((

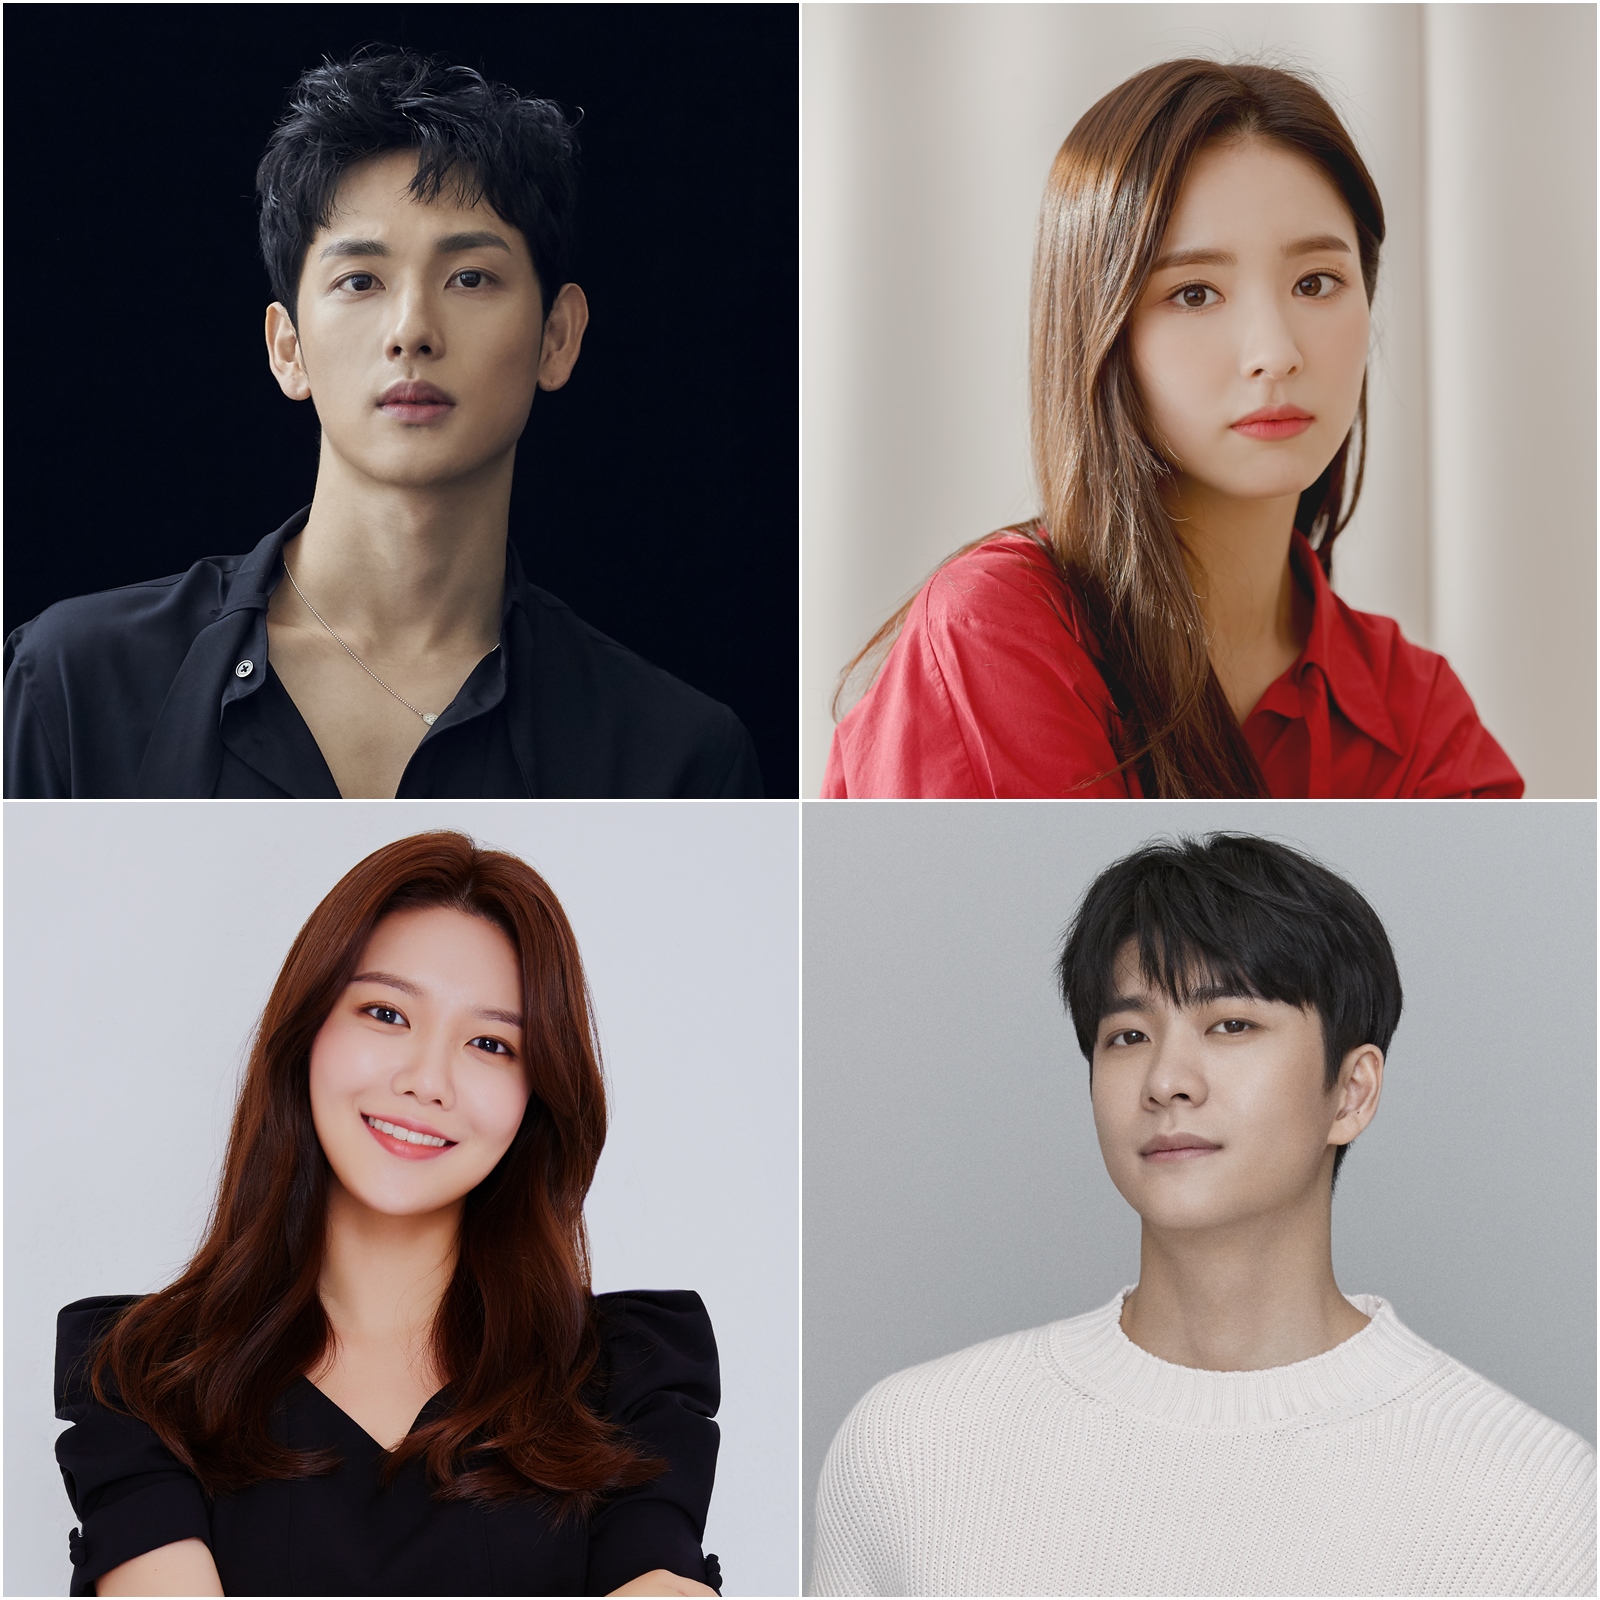 Actor Siwan, Shin Se-kyung, Choi Soo Young and Kang Tae-oh confirmed their appearance in Run On.JTBCs new Drama Run-on is a romance drama in which people living in different worlds communicate and form relationships in their own languages and run on love in an era where communication is difficult while writing the same Korean.First, Siwan and Shin Se-kyung are divided into short-range national team James Kyson who is defeated at the moment of looking back and Oh miju, a translator who has to rewind numerous times.James Kyson, who was a star in the athletics world who showed off his ticket power in the unpopular athletics, but retired without hesitation due to the incident that changed his life.Oh miju, who has been together since the moment of departure from the track, opens his eyes to other worlds that were not seen in Run World.Oh miju works to put a bridge between different languages.I was conscious of a foreign language that I would not have known if I had not had a subtitle because of the movie I saw at the first theater, and when the subtitles I was grateful for reached the level of intrusion, I became a translator without hesitation.For the first time, I find myself expecting James Kyson, a man who has come to fate as much as the thrill I felt when the credits Oh miju climbed.Siwan, who had digested the process of anxiety turning into madness through Drama Other is Hell last year, and Shin Se-kyung, who showed off the power of the Roco Queen through the new officer Both Actor are the first home theater comeback in more than a year.Siwan, who will show romance acting for a long time, and Shin Se-kyung, who will write a deep love language that is different from his previous work.Two men and women living in a world that seems to have no intersections are looking forward to seeing whether the language of love can succeed in translation.Choi Soo Young and Kang Tae-oh co-work with the e-movie of the presence of sports agency representative West Dana and ionic beverage.It is the only enemy of the signing group, and it is the West Dana who is pushed from the succession order only because it is not a son.So she tries to live perfectly to get back what was originally mine. This movie comes into her life that has lived so fiercely.Seo Dan-ah, who lived without knowing the apology, was the first man to be sorry for being busy.Lee Young-hwa, who lives a life of a popular senior in art college with an oxygen-like charm, is a college student who likes the same movie and croquette as his name.It was everyday to go out to the streets with a sketchbook, or to Crookie while watching movies in his space. One day I met a strange woman, Seo Dan-ah, who asked me to draw a picture.I want to see a woman like Rapunzel who can not come down in that tall building.The combination of Choi Soo Young, who has solidified his position as an actor by gradually crossing TV and screens such as Drama Tell Me What You See and the movie Girl Cops, and Kang Tae-oh, who showed a previous villain force through Chosun Roco - Mungdujeon last year, is also interesting.This is because I have already been able to act on the character of men and women living in a completely different world, so I wonder how they will meet and communicate in what language.This is why different romance chemistry is expected.The production team will draw a story about the protagonists who have different worlds, who meet each other, grow through each other, break the frame that they have locked themselves, influence, and love each other.I hope that this will be a time to worry about the language and communication that conveys my heart. Hot Actors with both acting power and presence, such as Siwan, Shin Se-kyung, Choi Soo Young, and Kang Tae-oh, will communicate with viewers in a different romance in the second half of this year.I would like to ask for your expectations and interest.Meanwhile, Run On will be aired on JTBC in the second half of this year.
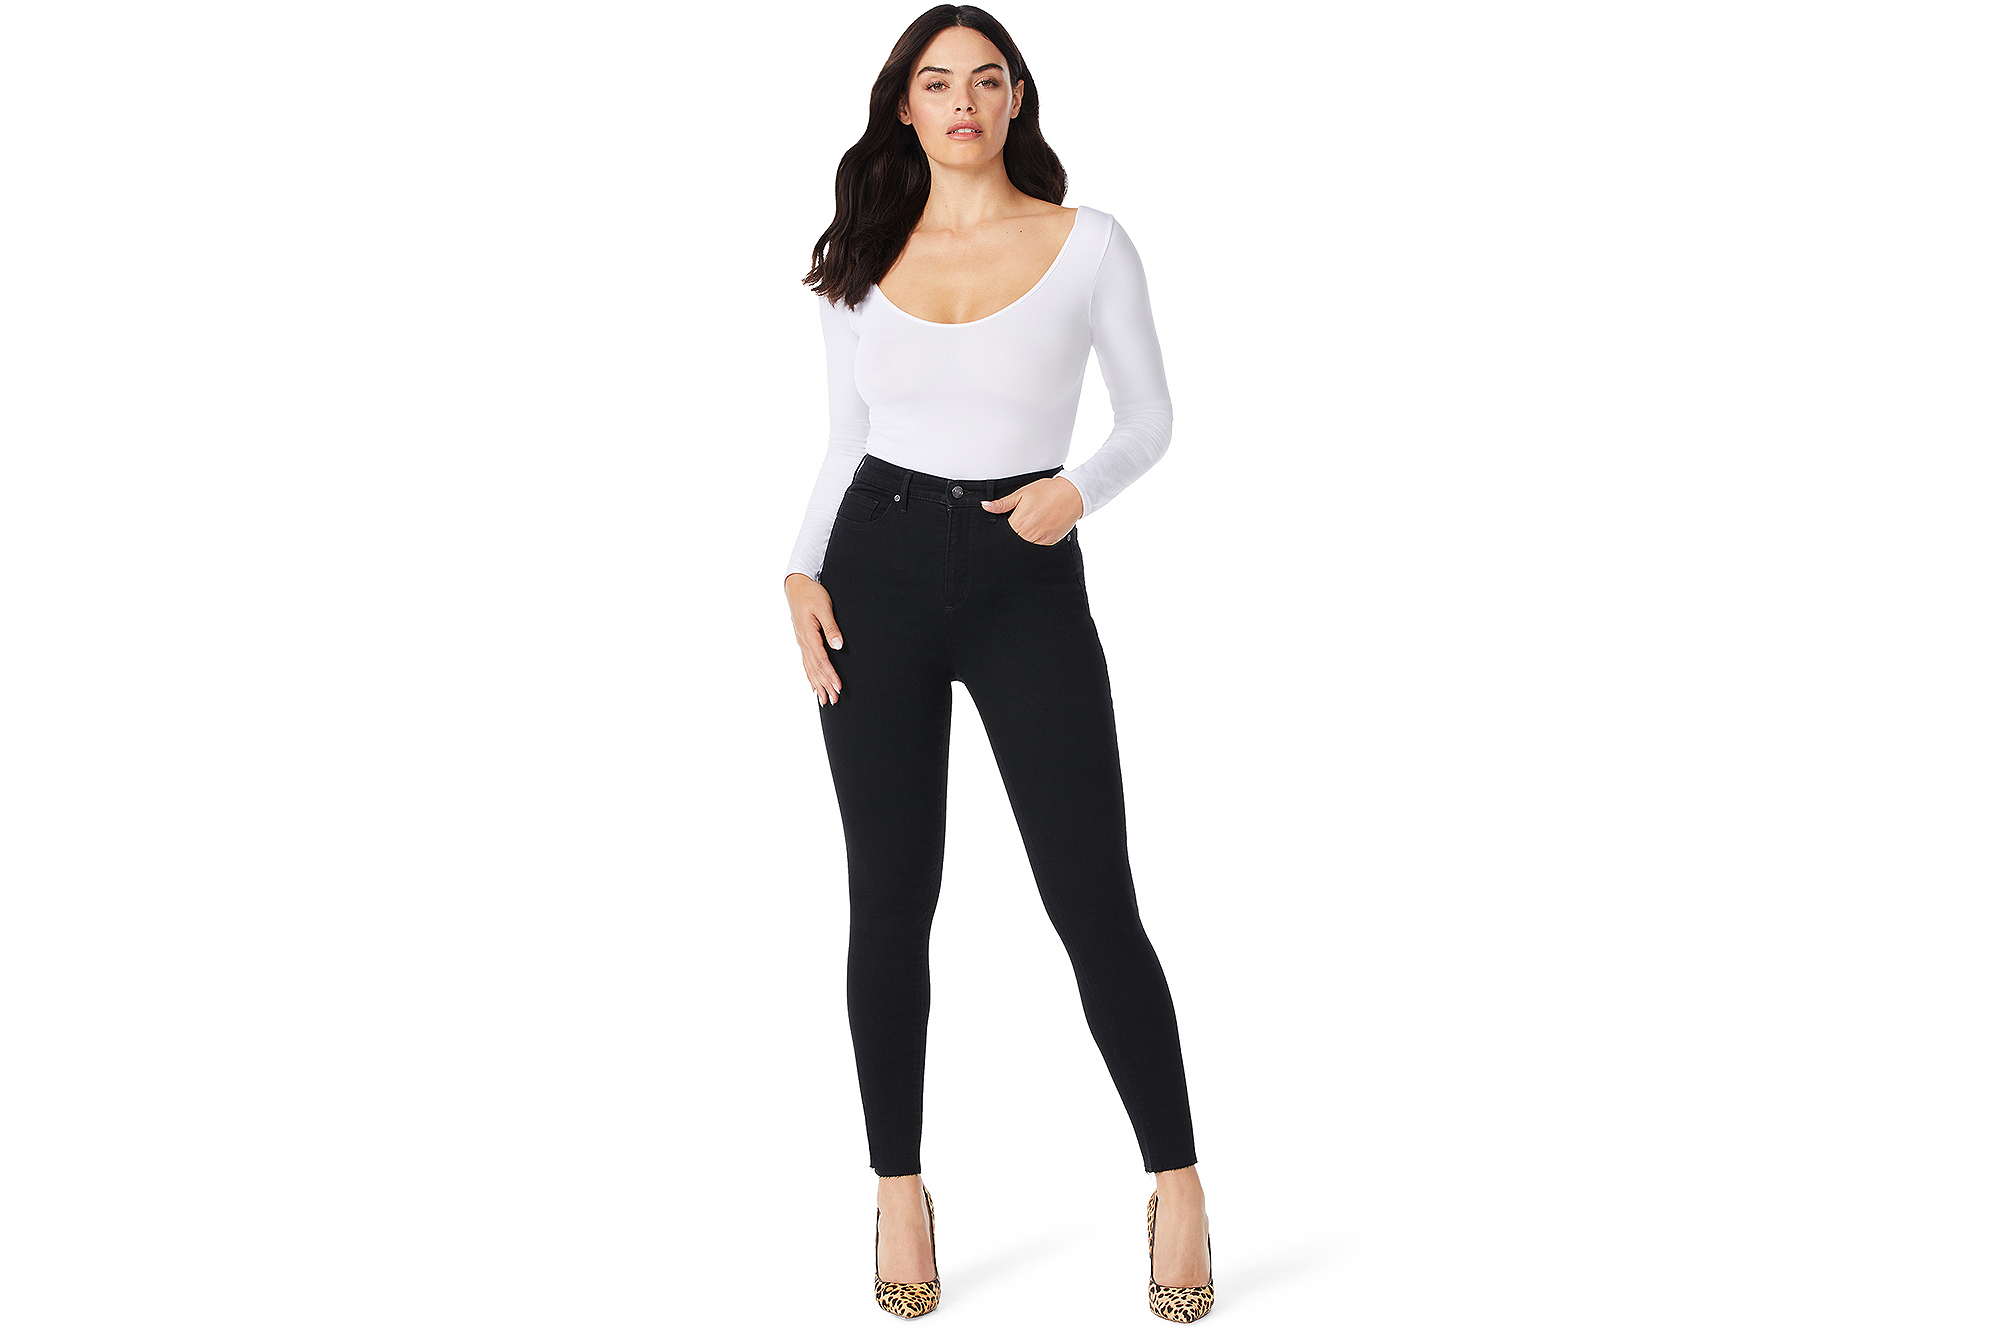 Sofia Jeans Women's Plus Size Rosa Curvy High-Waist Pull-On Ankle
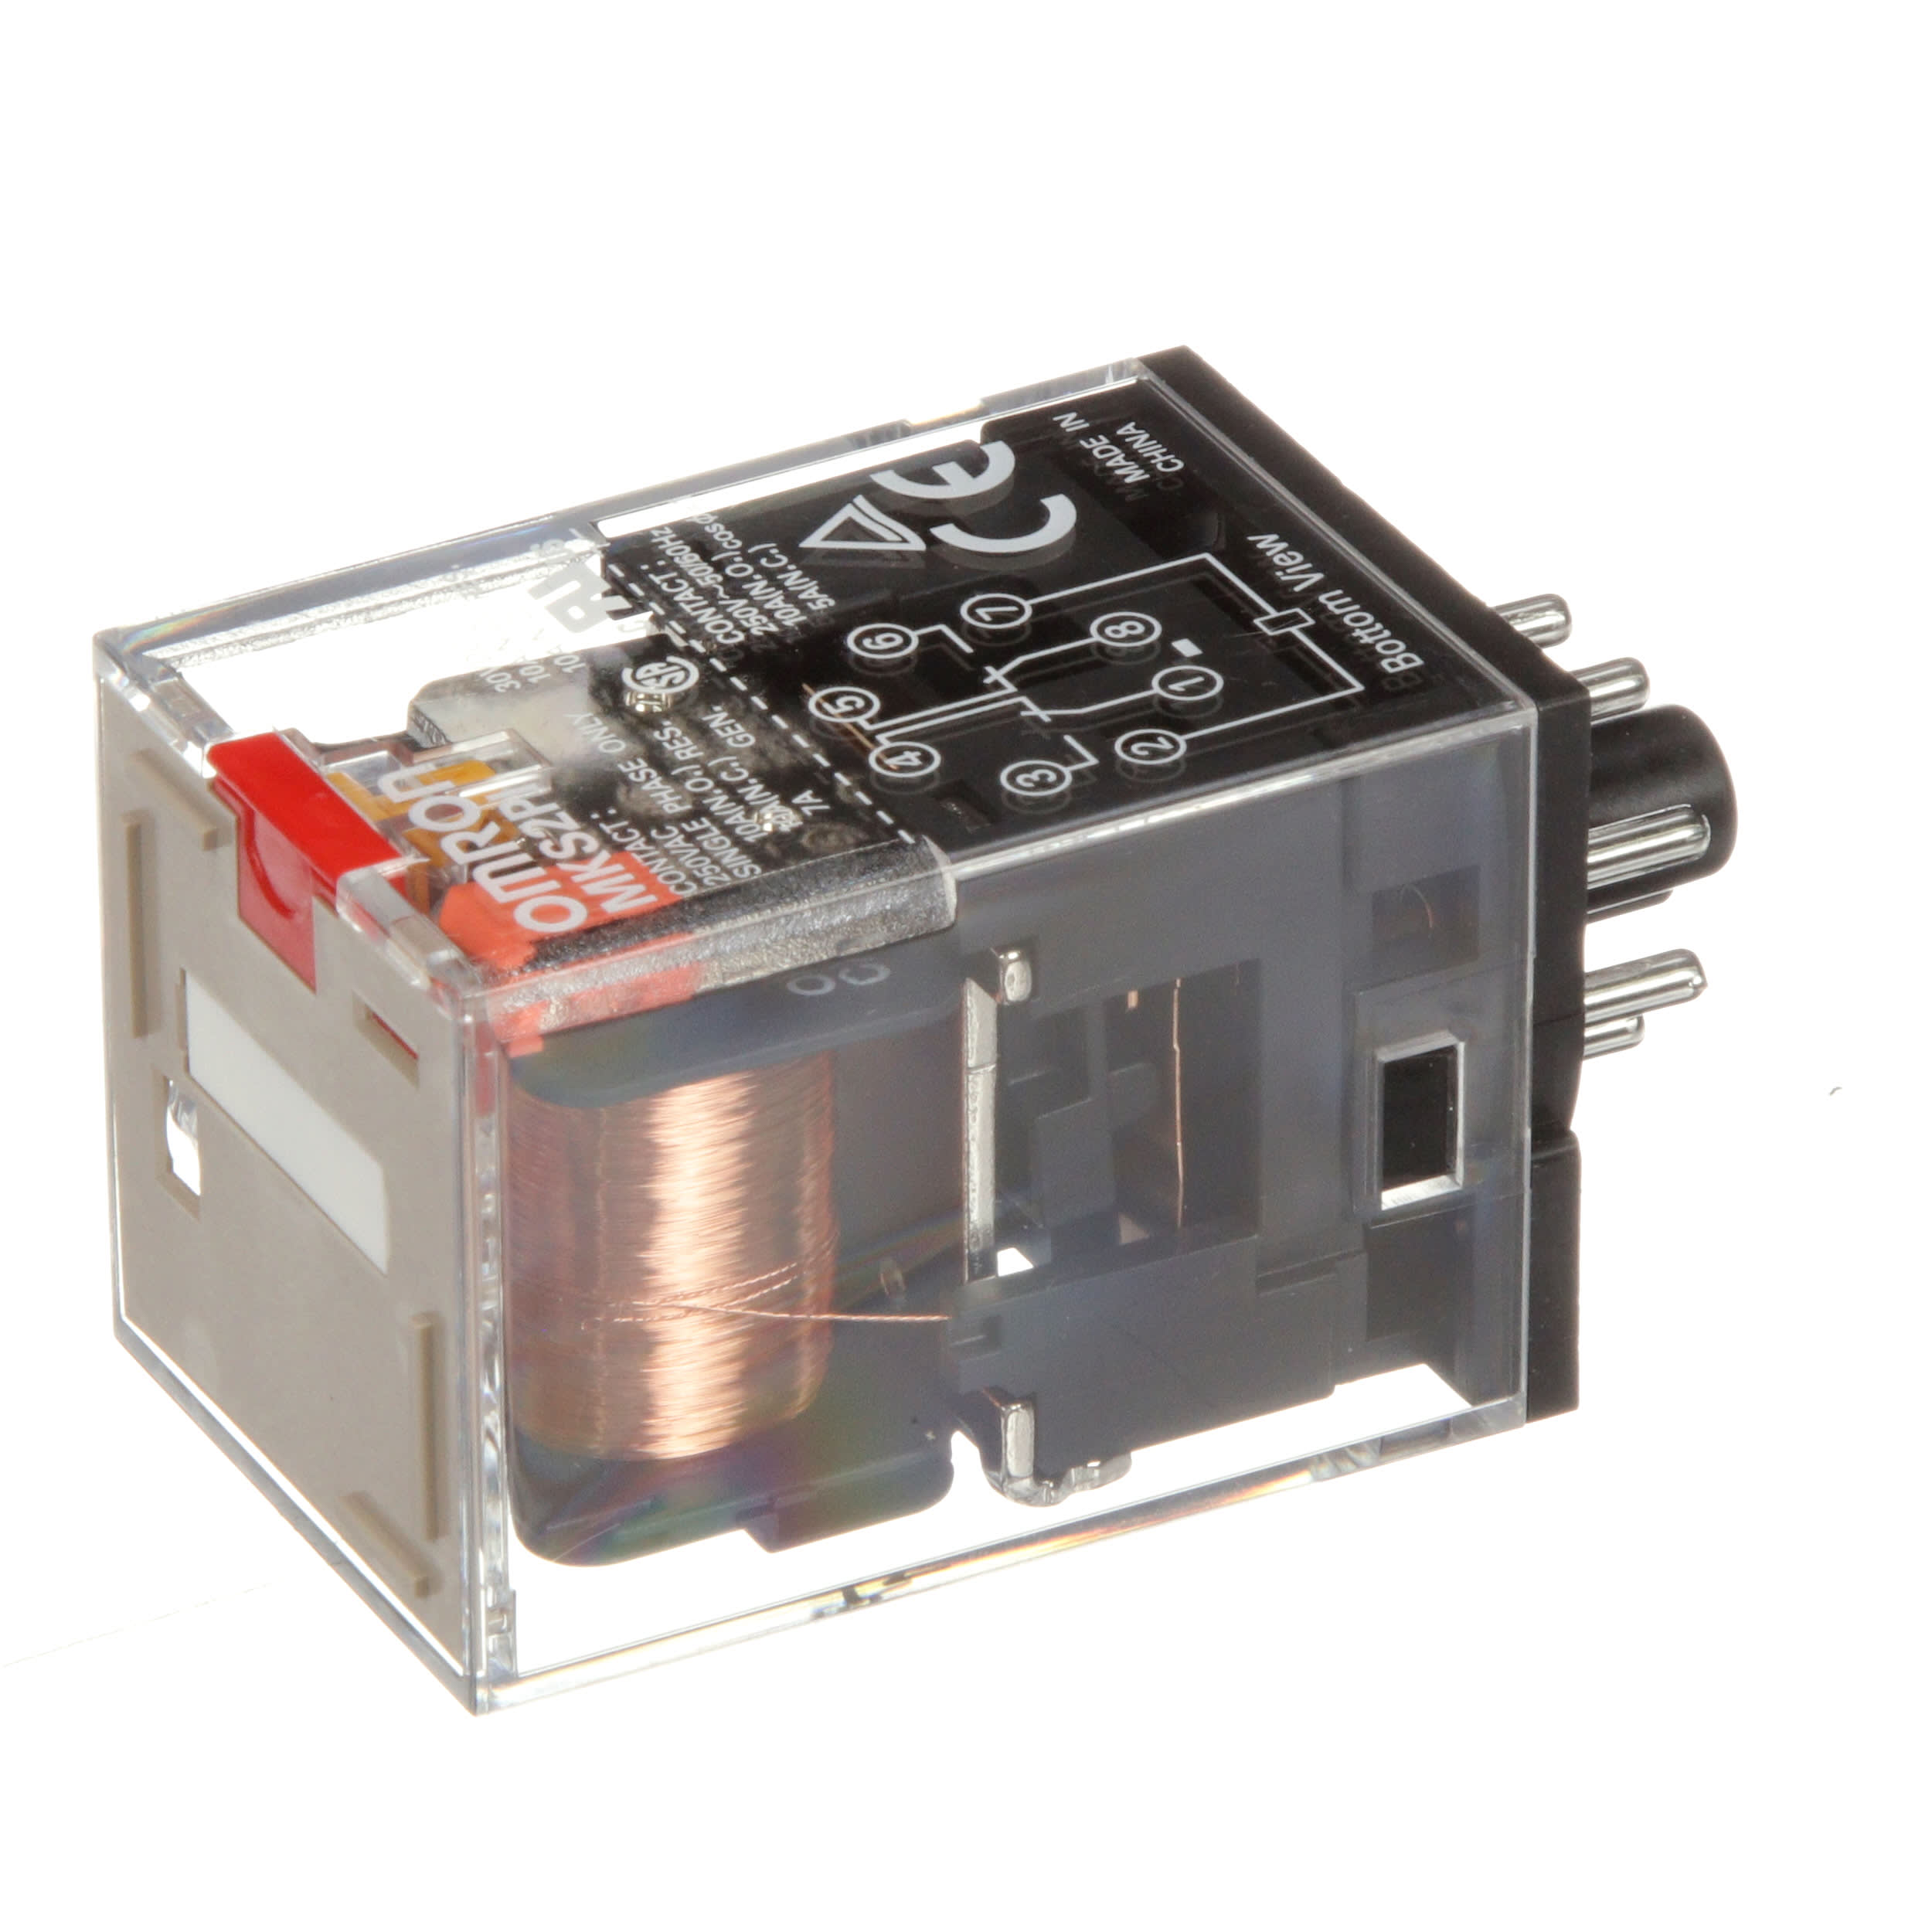 Plug-In Terminal 12 VDC Rated Load Voltage Omron MKS2PI DC12 General Purpose Relay with Mechandical Indicator and Lockable Test Button Basic Model Type Standard Internal Connections 112 mA Rated Load Current Double Pole Double Throw Contacts

))

§ **About this exercise**:
Write out exactly, and only, the lines from the line holding "Sofia Jeans Women's" through the end of the data, inclusive, without any pictures.

§ **Response to the exercise**:
 Sofia Jeans Women's Plus Size Rosa Curvy High-Waist Pull-On Ankle
 Plug-In Terminal 12 VDC Rated Load Voltage Omron MKS2PI DC12 General Purpose Relay with Mechandical Indicator and Lockable Test Button Basic Model Type Standard Internal Connections 112 mA Rated Load Current Double Pole Double Throw Contacts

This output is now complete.